# Eigenen Rechner als Server?



## モストウォンテッド (25. Aug 2022)

Hallo,
ich möchte eine Webanwendung programmieren über die man sich einloggen kann und dann halt sein Profil und seinen anderen Kram den man in der Webanwendung machen kann dann halt sieht.
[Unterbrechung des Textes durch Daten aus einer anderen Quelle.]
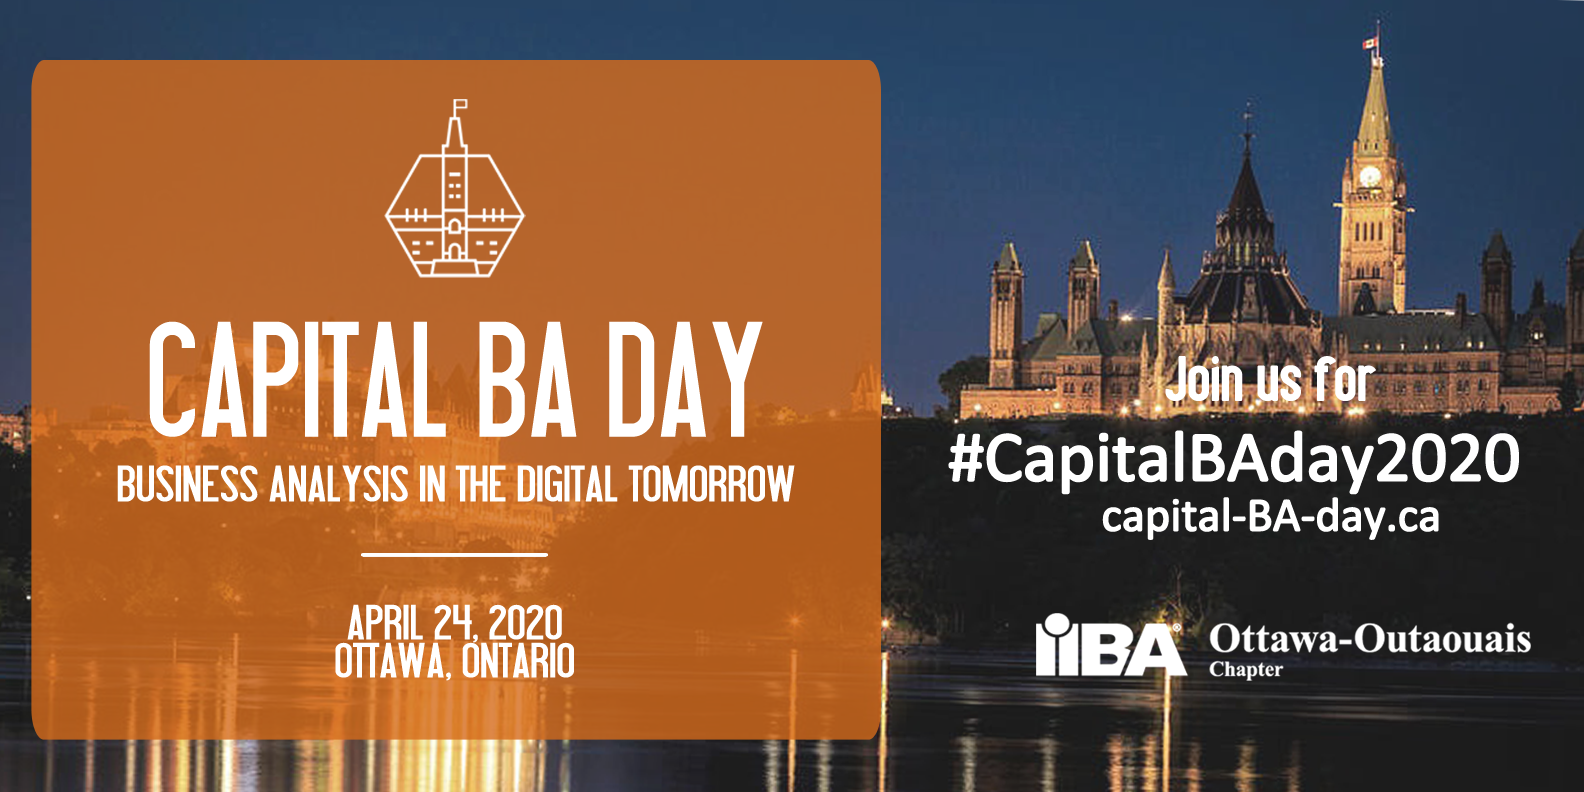 Capital BA Day 2020 | Business Analysis in the Digital Tomorrow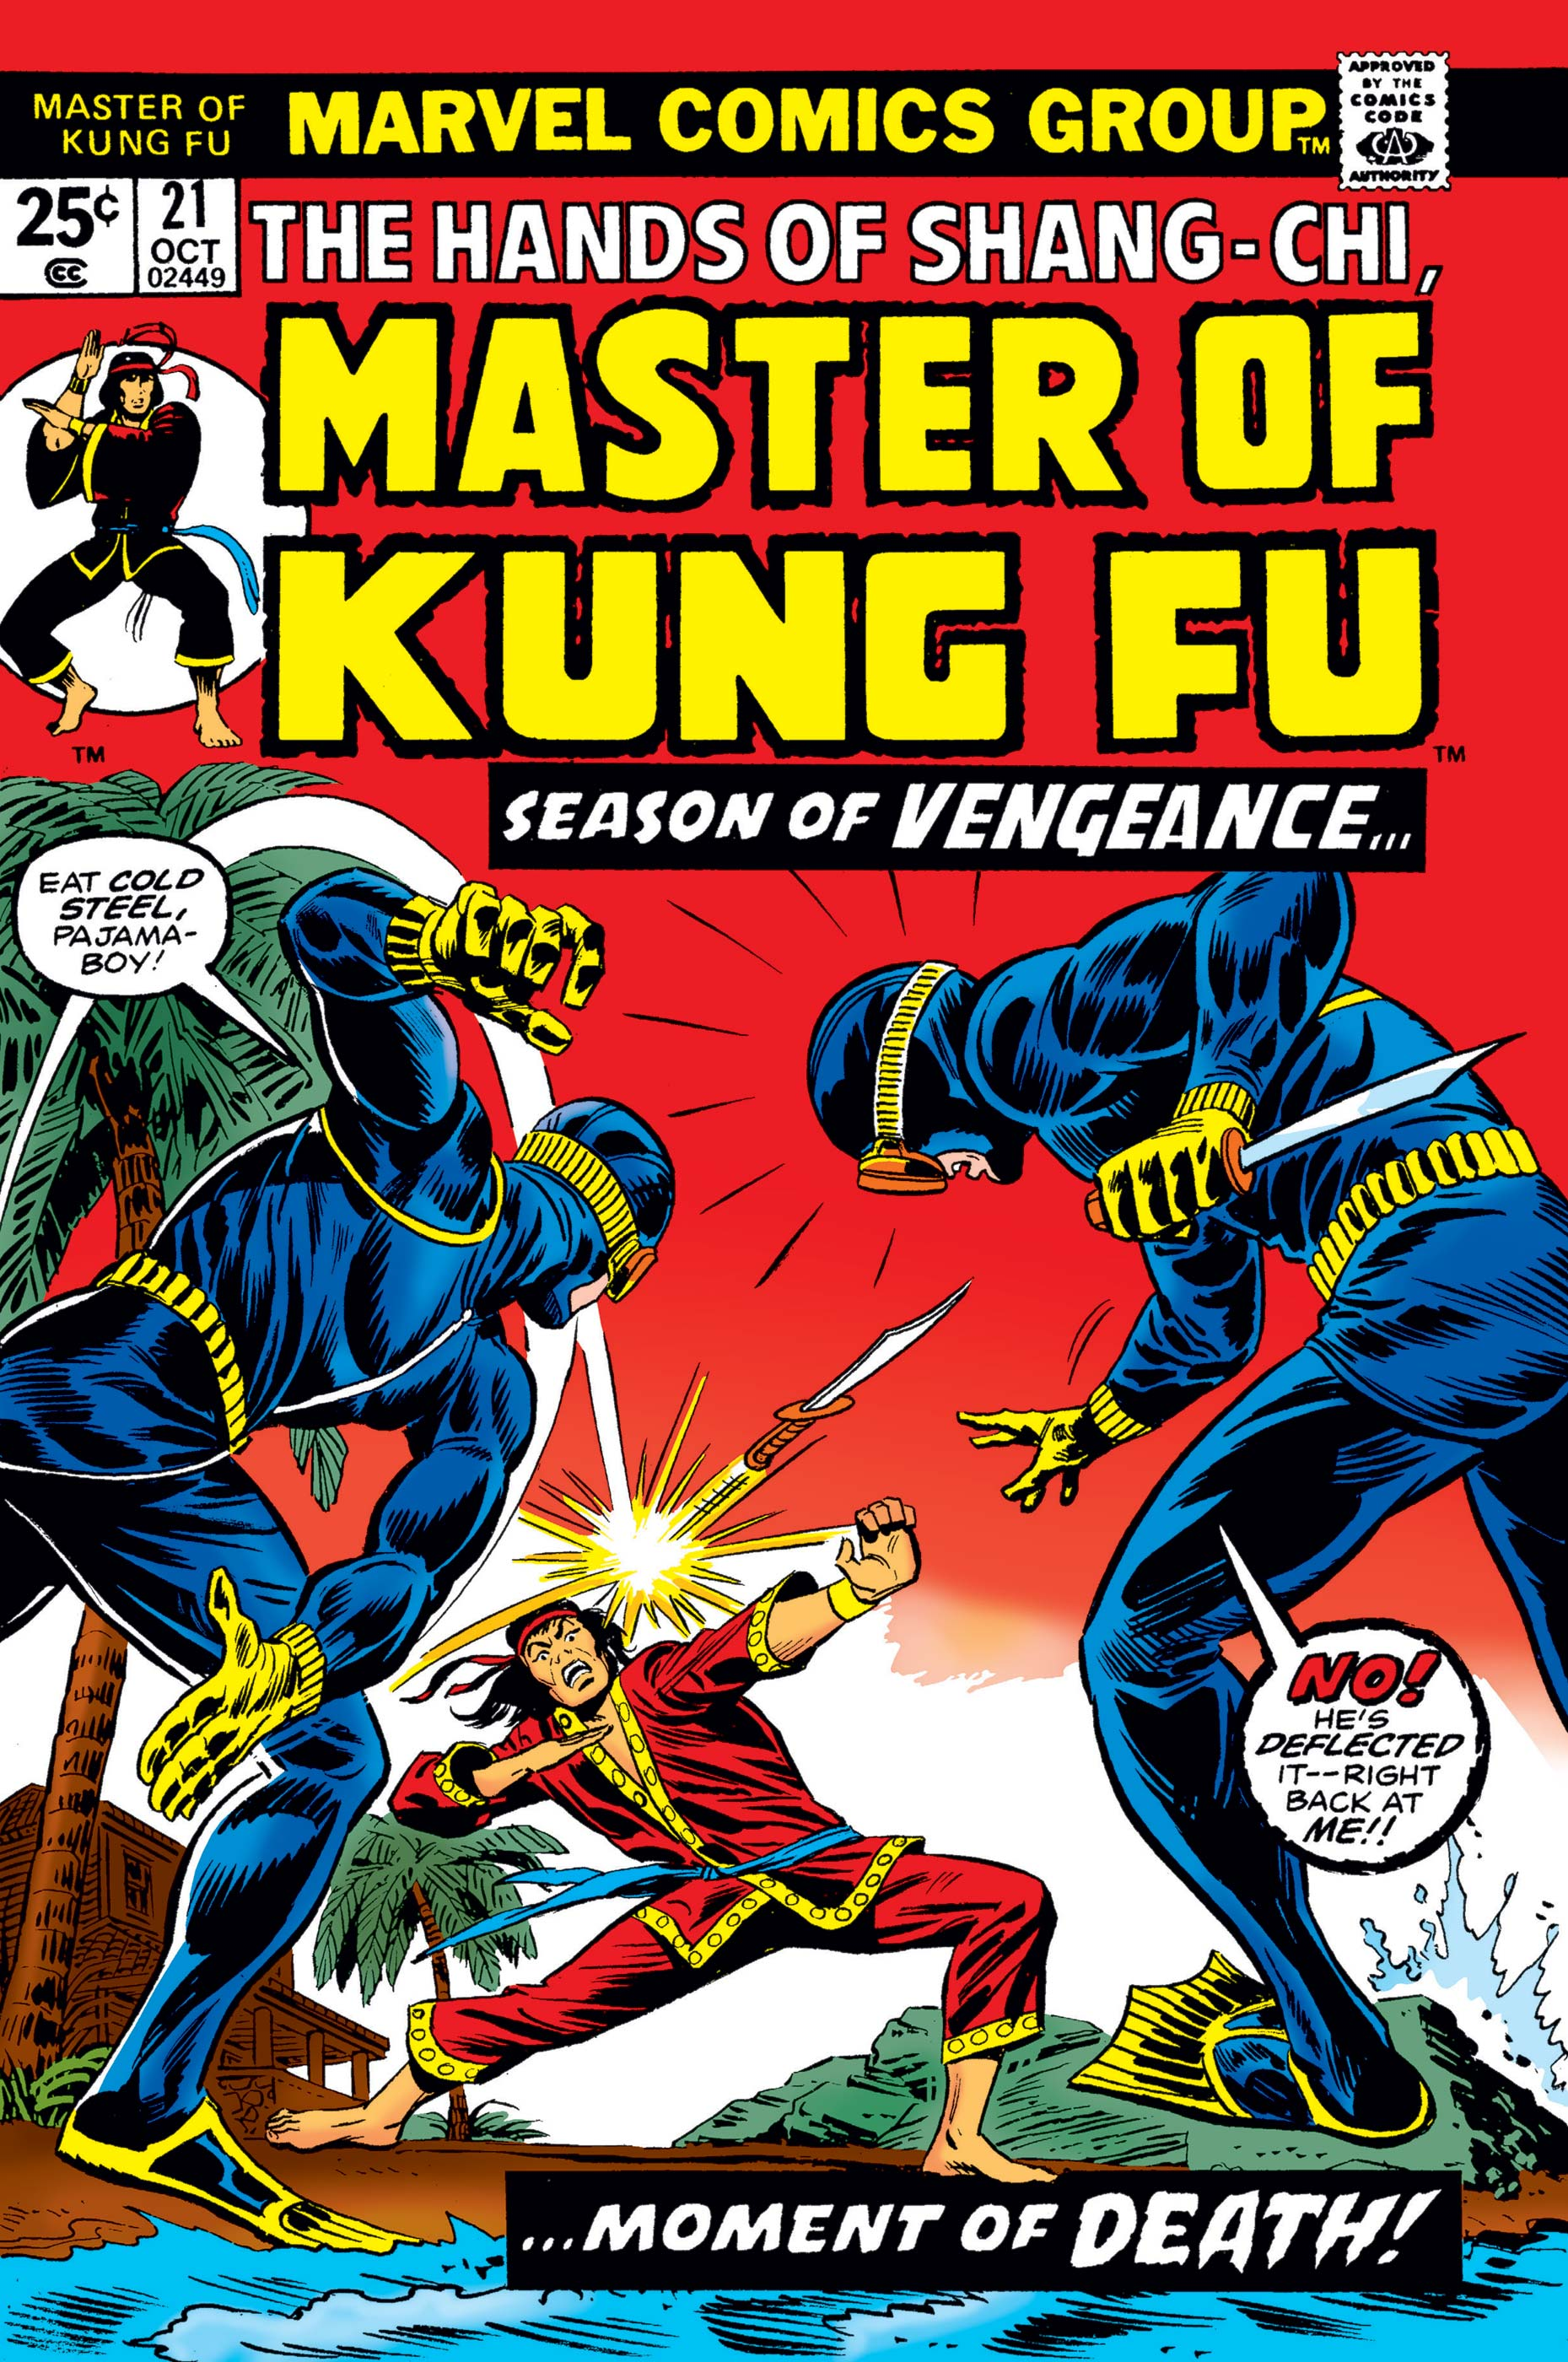 Master of Kung Fu (1974) #21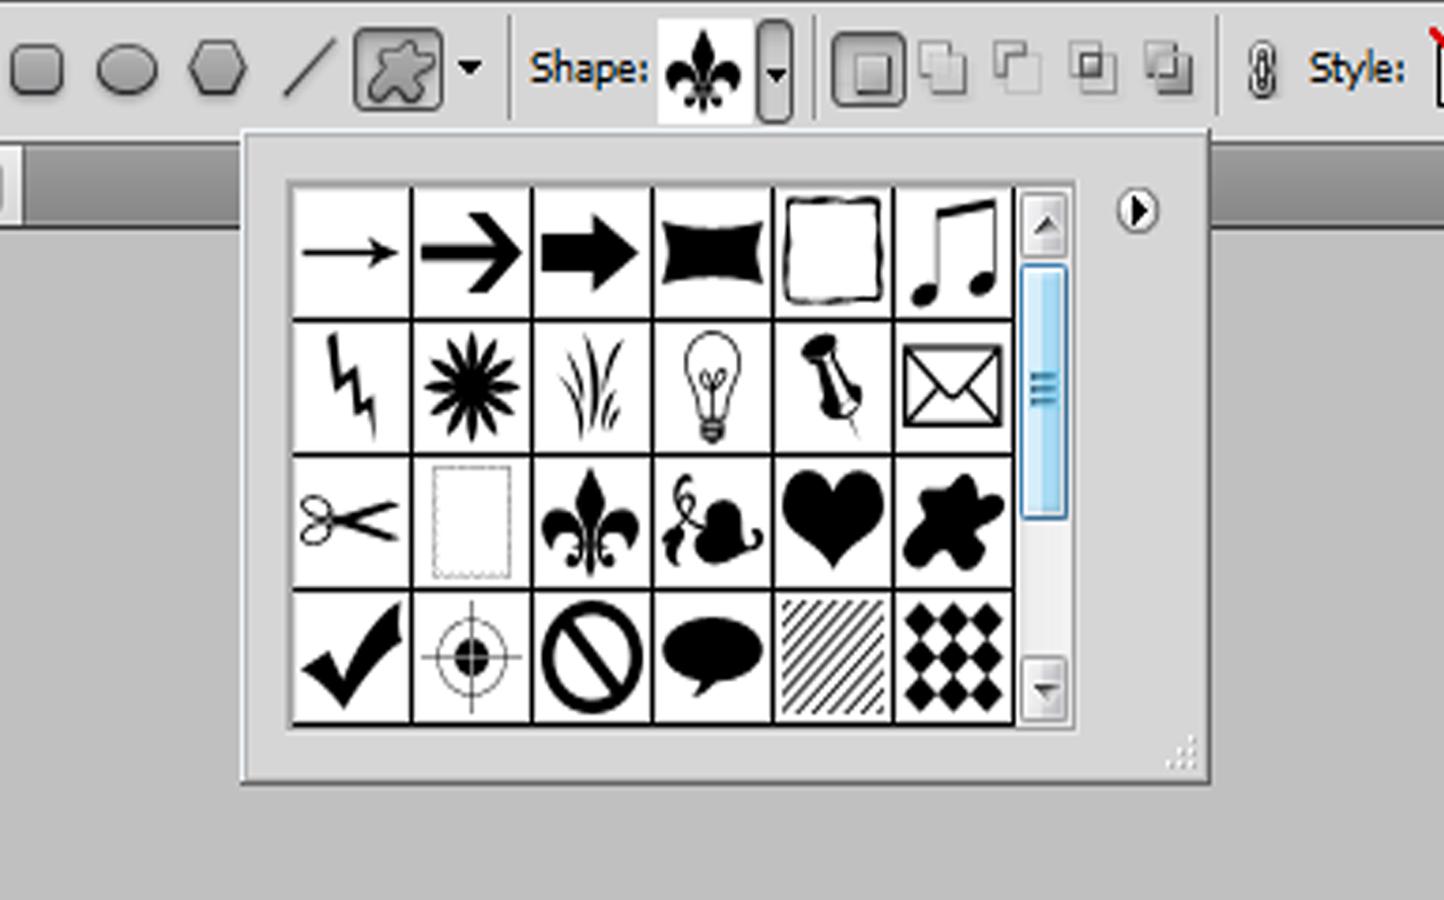 Creating a Custom Shape in Photoshop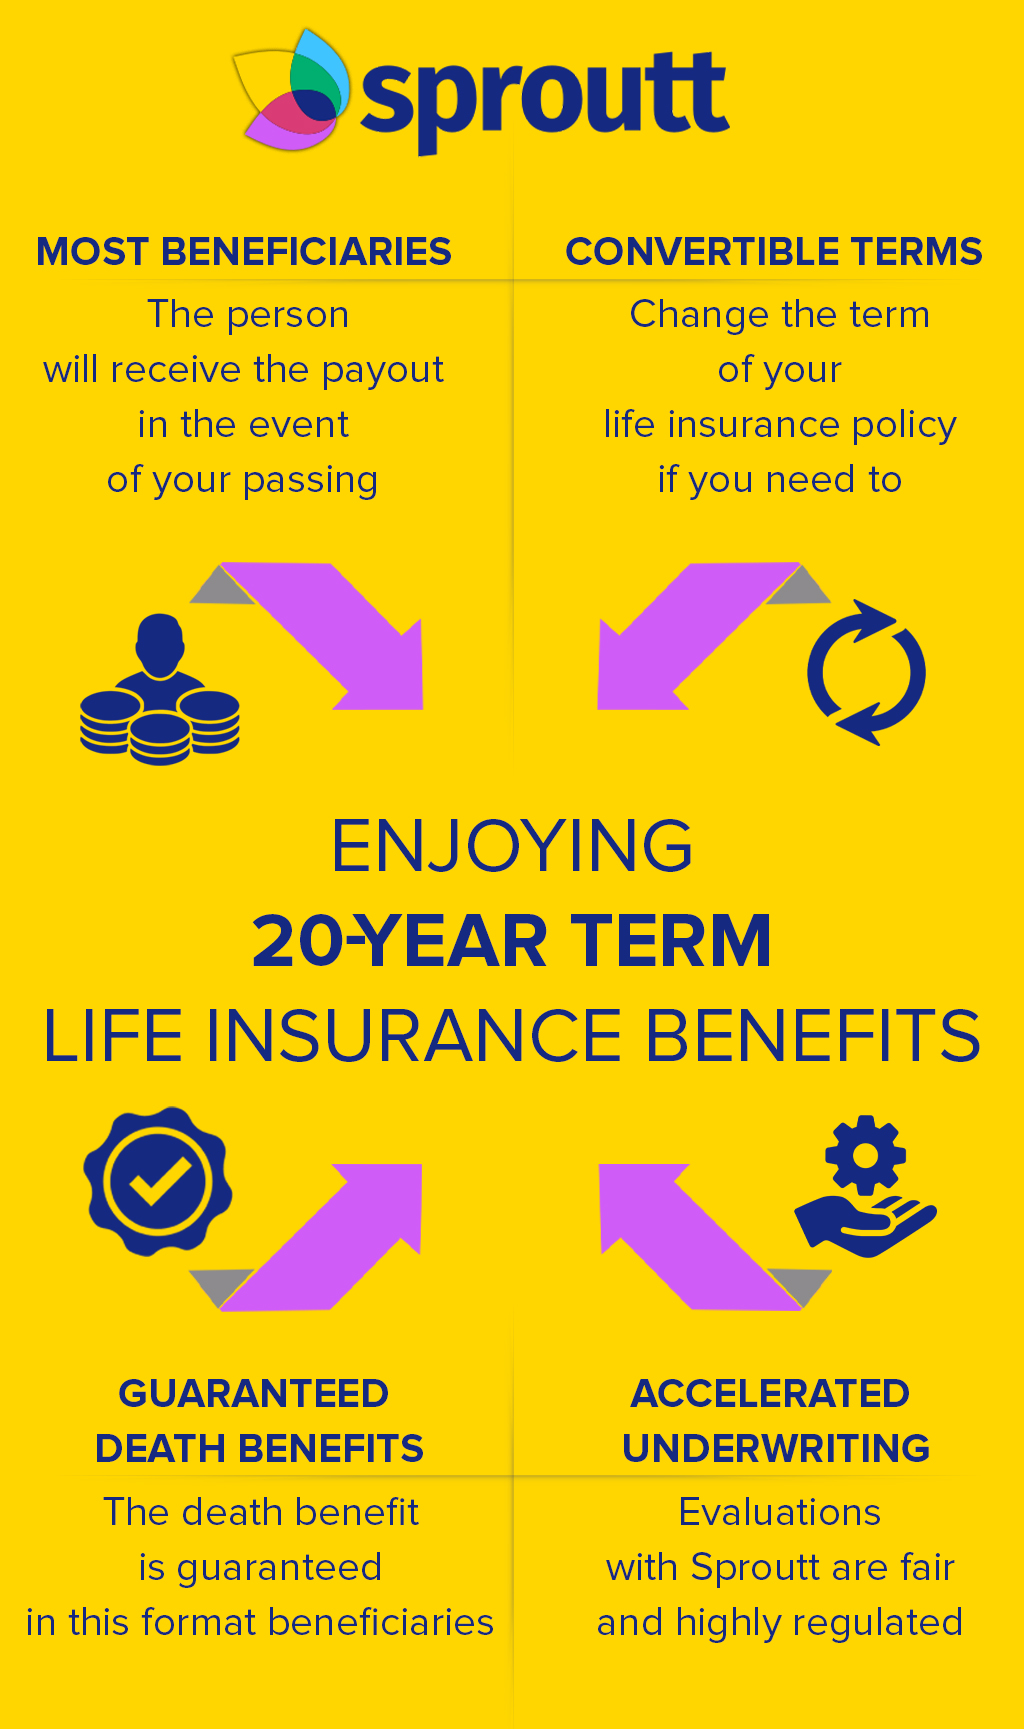 Infographic enjoying 20 year term life insurance benefits

Das Ding ist ich brauche ja einen Server, was in dem Fall mein Rechner wäre auf dem aber nur in einer Textdatei der Username und das Passwort aller Nutzer gespeichert werden soll.. Den Stuff den die Clients dann von ihrem Rechner aus machen der soll bei denen auf dem Rechner gespeichert werden. 
Was aber bedeuten würde dass mein Rechner doch immer laufen müsste und das Programm auch oder? Denn ansonsten wird in meiner Abwesenheit ja kein neuer Client sich anmelden können oder?
Ich hab jetzt drei Probleme:
1. Ich möchte natürlich nicht das mein Rechner immer läuft, aber sich trotzdem jederzeit Clients sich anmelden können
2. Weiß ich nicht wie ich die Kommunikation mit den Rechnern hinbekomme
3. Weiß ich nicht wie ich meinen Rechner als Server einrichte.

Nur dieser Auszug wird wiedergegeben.